之后几天,陈实甫被捆成猪不得动弹,只能躺在板子上养伤等死。
苏源也很快将其抛诸脑后,在十五这天带亲娘和媳妇儿去集市溜达。
苏慧兰还是头一回去顺来集市,颇为好奇地问:“都说胡商手里有不少好东西,都是咱们靖朝没有的,是也不是?”
一家三口出门,只乘了一辆马车。
宋和璧并未在婆母跟前表现得与苏源太过亲近,而是选择坐在苏慧兰身畔,亲昵地挽着她的手臂。
“娘您甭听他们乱说,靖朝地大物博,好东西也是层出不穷。”
苏源紧随其后:“您反过来想,咱们有的说不准别的地儿都没有呢。”
苏慧兰看看儿子,又看看儿媳,一下就笑了:“是是是,是我狭隘了,我也是前几日在铺子上听人提了一嘴,说胡商手里的稀罕物多不胜数。”

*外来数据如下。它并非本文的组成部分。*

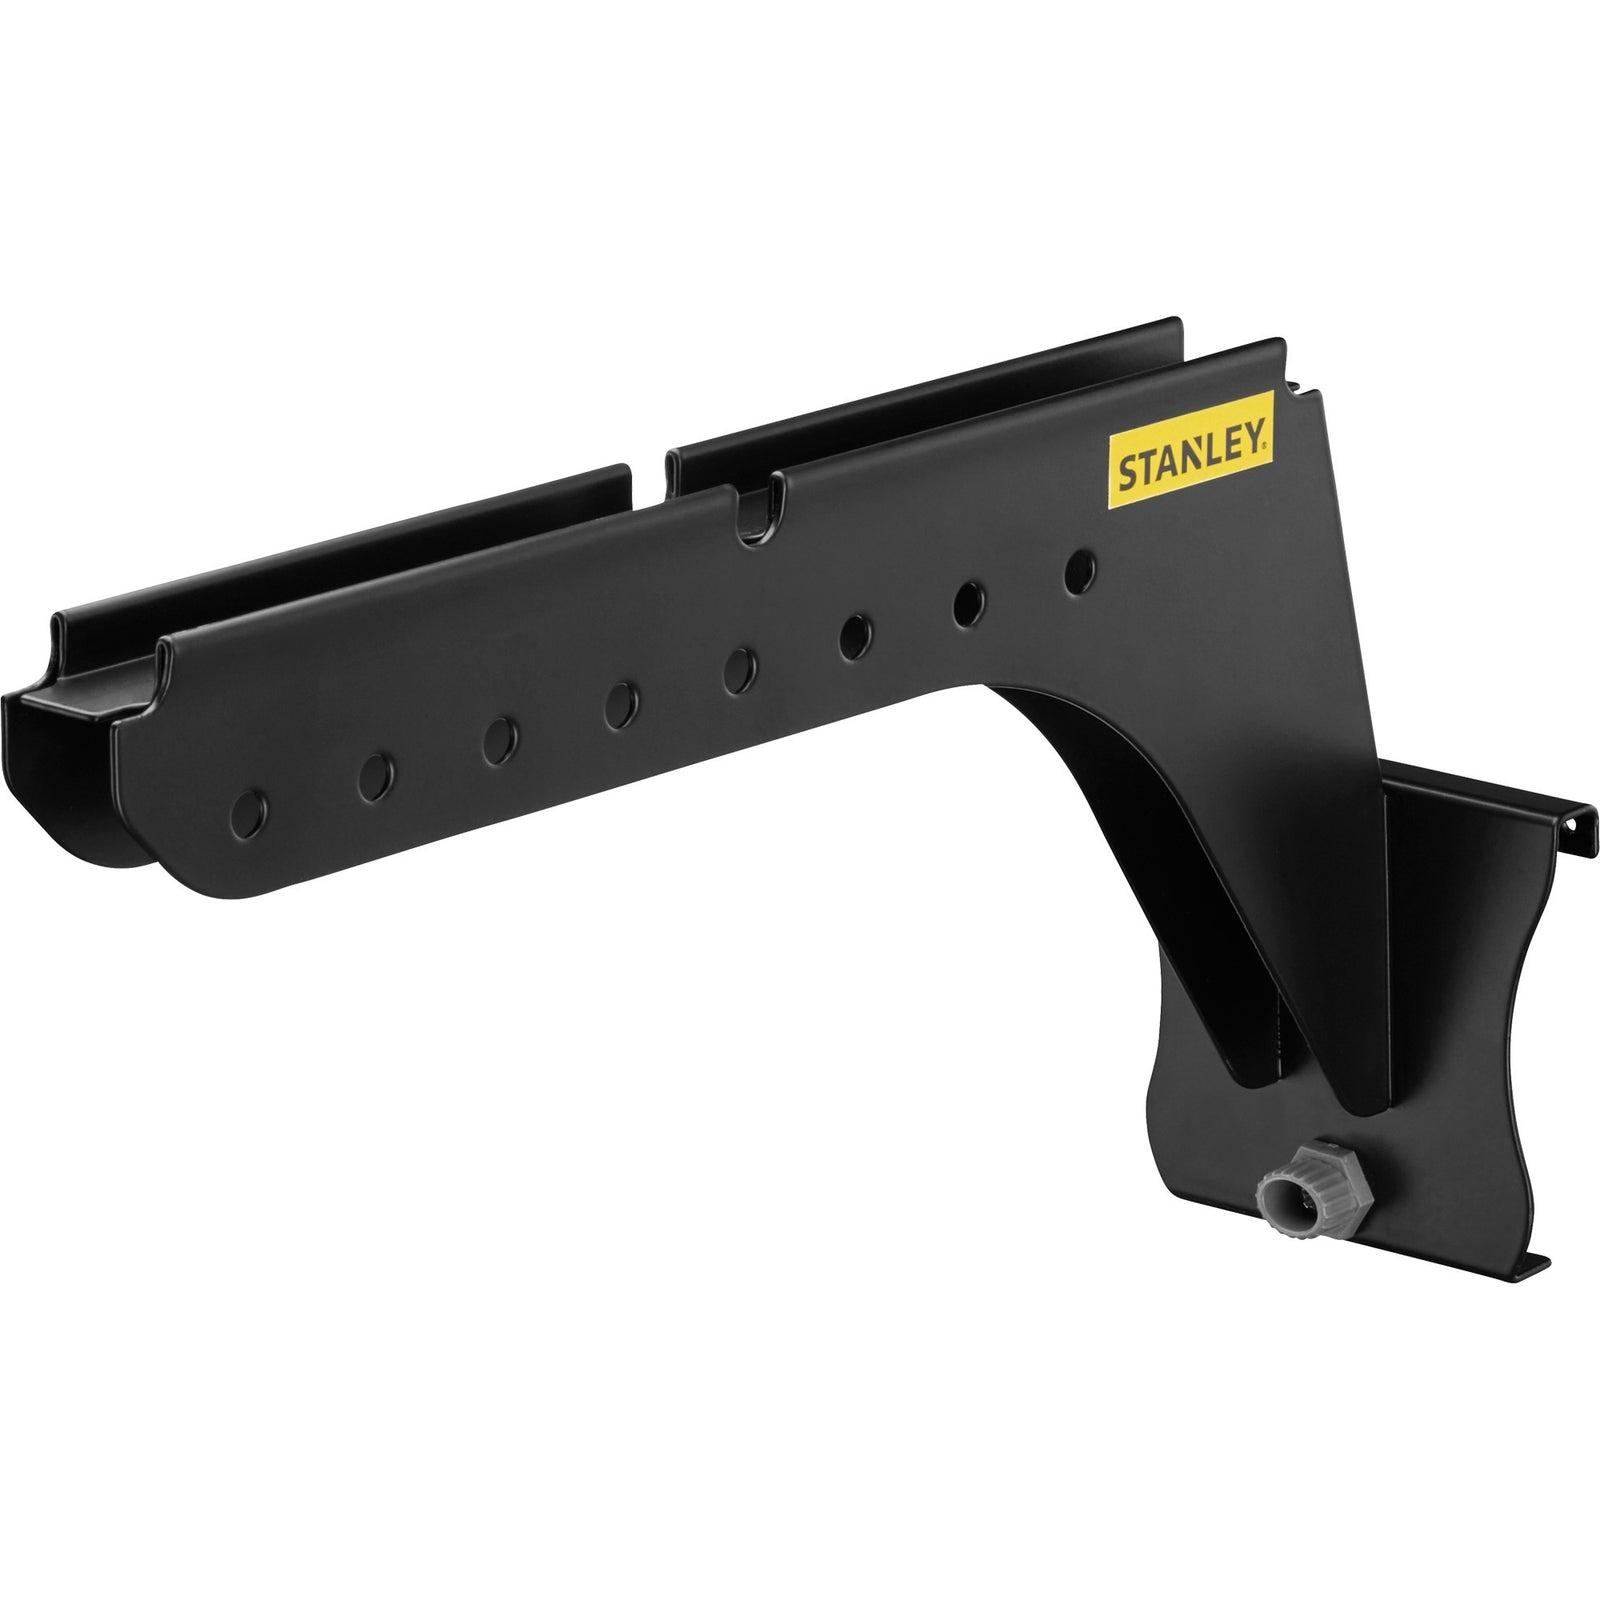 Stanley Stanley Track Wall Schapdrager

苏源轻笑:“娘若实在感兴趣,待会儿我们陪您过去瞧瞧便是。”
苏慧兰并未推辞:“好。”
马车驶过街头,外面蓦地响起争吵声。
“朱蓉你给我出来,一个女人整日抛头露面做生意也就罢了,竟敢把丈夫一家告到官府,简直是吃了熊心豹子胆!”
“不知三从四德为何物,像你这样的贱女人就该被沉塘!”
“别装缩头乌龟,赶紧给我出来,不然我就不客气了!”
叫喊声掺杂着零星脏话,从嘶哑的嗓子里蹦出,整条街都能听见。
“我劝你还是识相点,赶紧去官府把实甫和他爹娘接回来。”
“养外室怎么了,你是正妻,她又影响不到你的地位,光是善妒一条,你就犯了七出,理应是我家实甫休了你。”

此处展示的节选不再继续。